Foram avaliadas questões como o número de PCs instalados, a quantidade de servidores, sistemas operacionais utilizados nos servidores, se há antivírus nos servidores e nas estações, se a empresa possui plano de contingência formalizado, entre outros aspectos relacionados.

O questionário utilizado neste estudo de 2008 foi também aplicado em 2004 e 2006, numa amostra do mesmo tamanho. Neste relatório, trazemos os dados dos três estudos e estabelecemos uma comparação entre eles.

Infraestrutura de TI

Nesta seção caracterizamos o perfil, em termos de pessoal e equipamentos de informática, das empresas pesquisadas.

Profissionais de TI por empresa

A quantidade de profissionais de informática que atuam nas empresas pesquisadas vem crescendo com o passar dos anos. Podemos observar que em 2004 a porcentagem de empresas que possuía mais de dezesseis profissionais de TI alcançava um pouco mais de quinze por cento, já em 2006, está porcentagem aumenta bastante atingindo cerca de trinta e cinco por cento. . Em 2008 o percentual sofre oscilações, mas chama a atenção uma forte migração das equipes com mais de cinquenta profissionais para a faixa anterior.

Resultados referentes a 2004

 

Resultados referentes a 2006

 

Resultados referentes a 2008

 

Quantidade de PCs nas empresas

A quantidade de PCs oscilou entre as três pesquisas. Em 2004 a porcentagem de empresas com mais de cem equipamentos somava cerca de trinta e seis por cento, já em 2006, este número dobrou atingindo um total de setenta e dois por cento e em 2008 a soma das empresas que possuem mais de 100 equipamentos é de quarenta e seis por cento.

Resultados referentes a 2004

 

Resultados referentes a 2006

 

Resultados referentes a 2008

 

Quantidade de servidores nas empresas

No caso dos servidores podemos observar a mesma oscilação que antecede. Em 2004 a porcentagem de empresas que tinha mais de seis servidores perfazia um total de trinta e quatro por cento. Em 2006 essa porcentagem aumenta para sessenta e oito por cento e acrescenta uma nova faixa de número de servidores que, atinge a significativa porcentagem de quinze por cento.
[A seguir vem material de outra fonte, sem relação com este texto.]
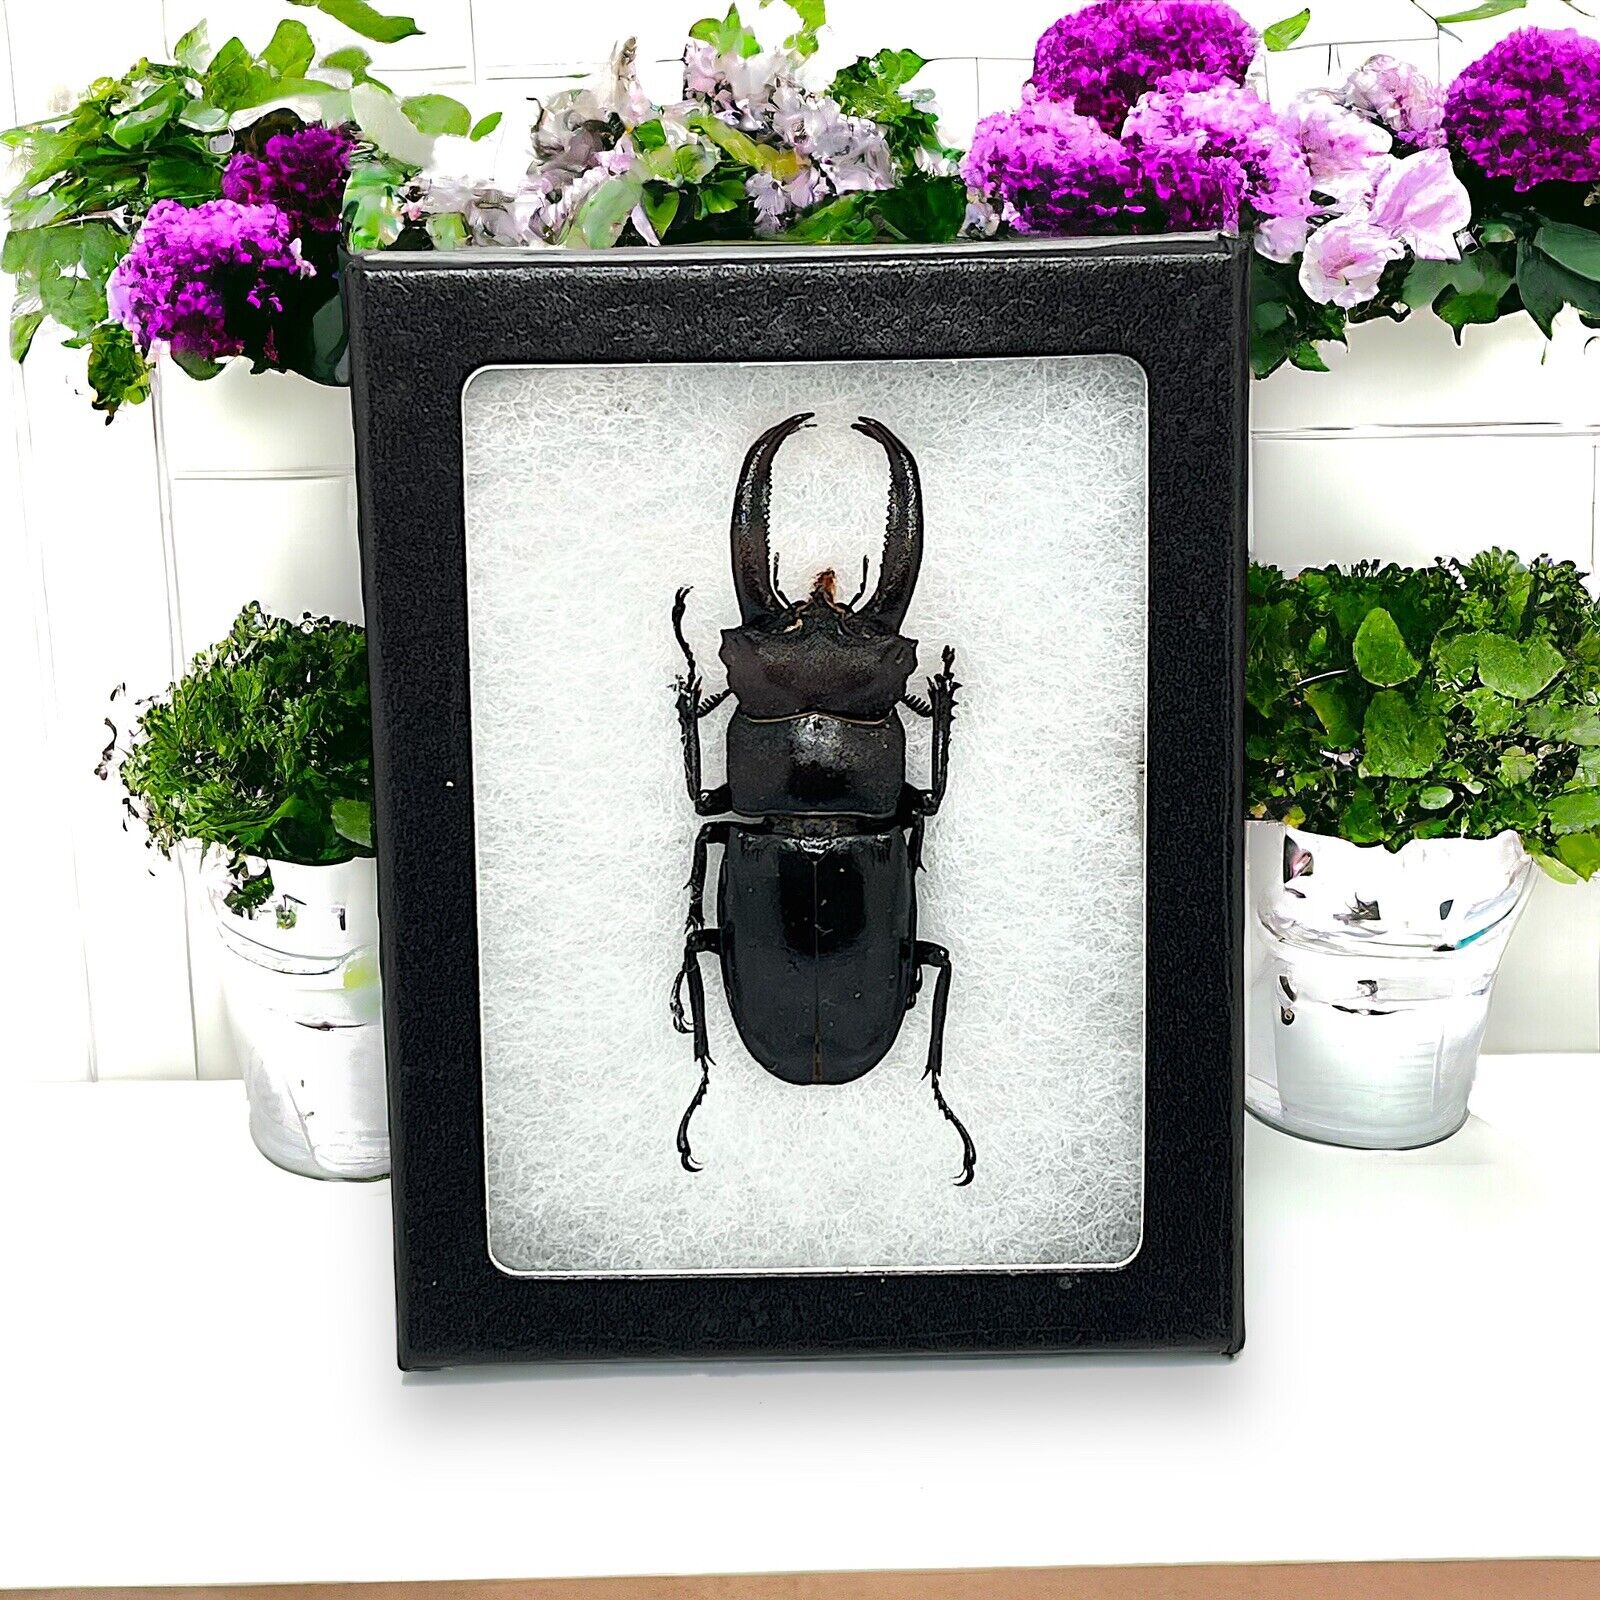 Dorcus Ritsme stag beetle Indonesia framed Glass Shadowbox Insect Bug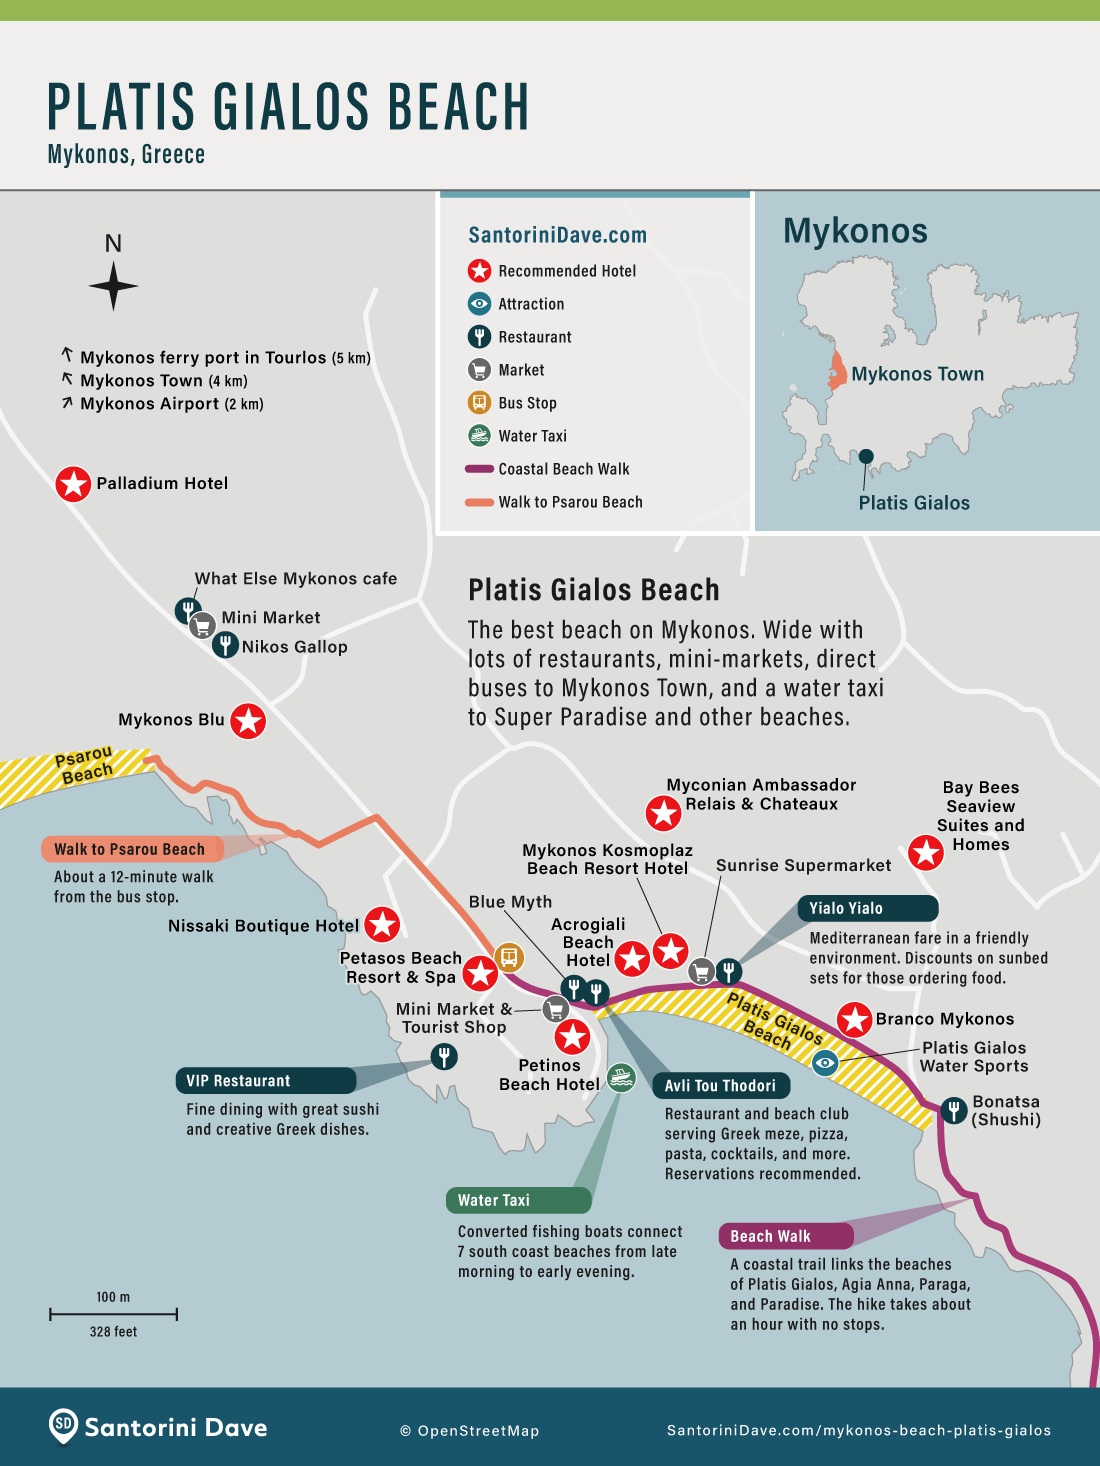 Map showing points of interest in and around Platis Gialos Beach

Em 2008, nota-se que o índice de empresas com até cinco servidores está acima do de 2006 e a ‘fatia’ das que possuem mais de cinqüenta também está menor, o que indica que as empresas estão buscando outras alternativas tecnológicas.

Resultados referentes a 2004

 

Resultados referentes a 2006

 

Resultados referentes a 2008

 

Percentual de servidores conectados a Internet

Nos resultados de 2006, é interessante observar, entretanto, que onze por cento das empresas não possuem qualquer servidor conectado à Internet, e vinte e três por cento possuem todos os servidores conectados à Internet.

Comparando os estudos realizados em 2004 e 2006 percebemos que a porcentagem de empresas que não possuem qualquer servidor conectado à Internet aumentou de cinco para onze por cento, enquanto as empresas que possuem todos os servidores conectados à Internet a porcentagem diminuiu de trinta e um para vinte e três por cento, já em 2008 com a internet voltou a cair e o número das que possuem todos os servidores conectados voltou a crescer, somando quarenta por centro das empresas.

Interpretamos os resultados como reflexo da preocupação crescente com tentativas de invasão, em 2008, o aumento de servidores acessíveis pela internet indica que as empresas já dominam a tecnologia necessária para se proteger das possíveis invasões.

Resultados referentes a 2004

 

Resultados referentes a 2006

 

Resultados referentes a 2008

 

Desenvolvimento de Sistemas

Como parte da pesquisa, procuramos identificar a existência de profissionais de TI alocados internamente nas empresas ao desenvolvimento de sistemas. Pudemos observar que em 2004 as empresas que mantinham mais de seis profissionais alocados para este fim, perfaziam um total de dezesseis por cento. Já em 2006 o cenário é diferente, as empresas que mantêm mais de seis profissionais para desenvolvimento de sistemas compõem um total de quarenta e um por cento, número que decai em 2008, somando vinte e cinco por cento.

O número de empresas que não possuem profissionais alocados para desenvolvimento de sistemas também chama a atenção: neste caso, pela queda observada. Em 2004 os números chegavam a quarenta por cento das empresas, em 2006 este número não chega a vinte por cento e em 2008 nota-se a redução das equipes de com até seis profissionais e o aumento das que possuem entre seis e dez profissionais.

Resultados referentes a 2004

 

Resultados referentes a 2006

 

Resultados referentes a 2008

 

Principal plataforma de desenvolvimento

Outro aspecto relevante, em relação ao desenvolvimento de sistemas, diz respeito às plataformas adotadas por estes profissionais. Entre 2004 e 2006, o maior número de profissionais, continua concentrado nas plataformas mais tradicionais de desenvolvimento, como Delphi e Clipper. De 2004 para 2006 observamos uma queda de quarenta para trinta e quatro por cento, já em 2008, o número de desenvolvedores que adotam tais plataformas é vinte e dois por cento.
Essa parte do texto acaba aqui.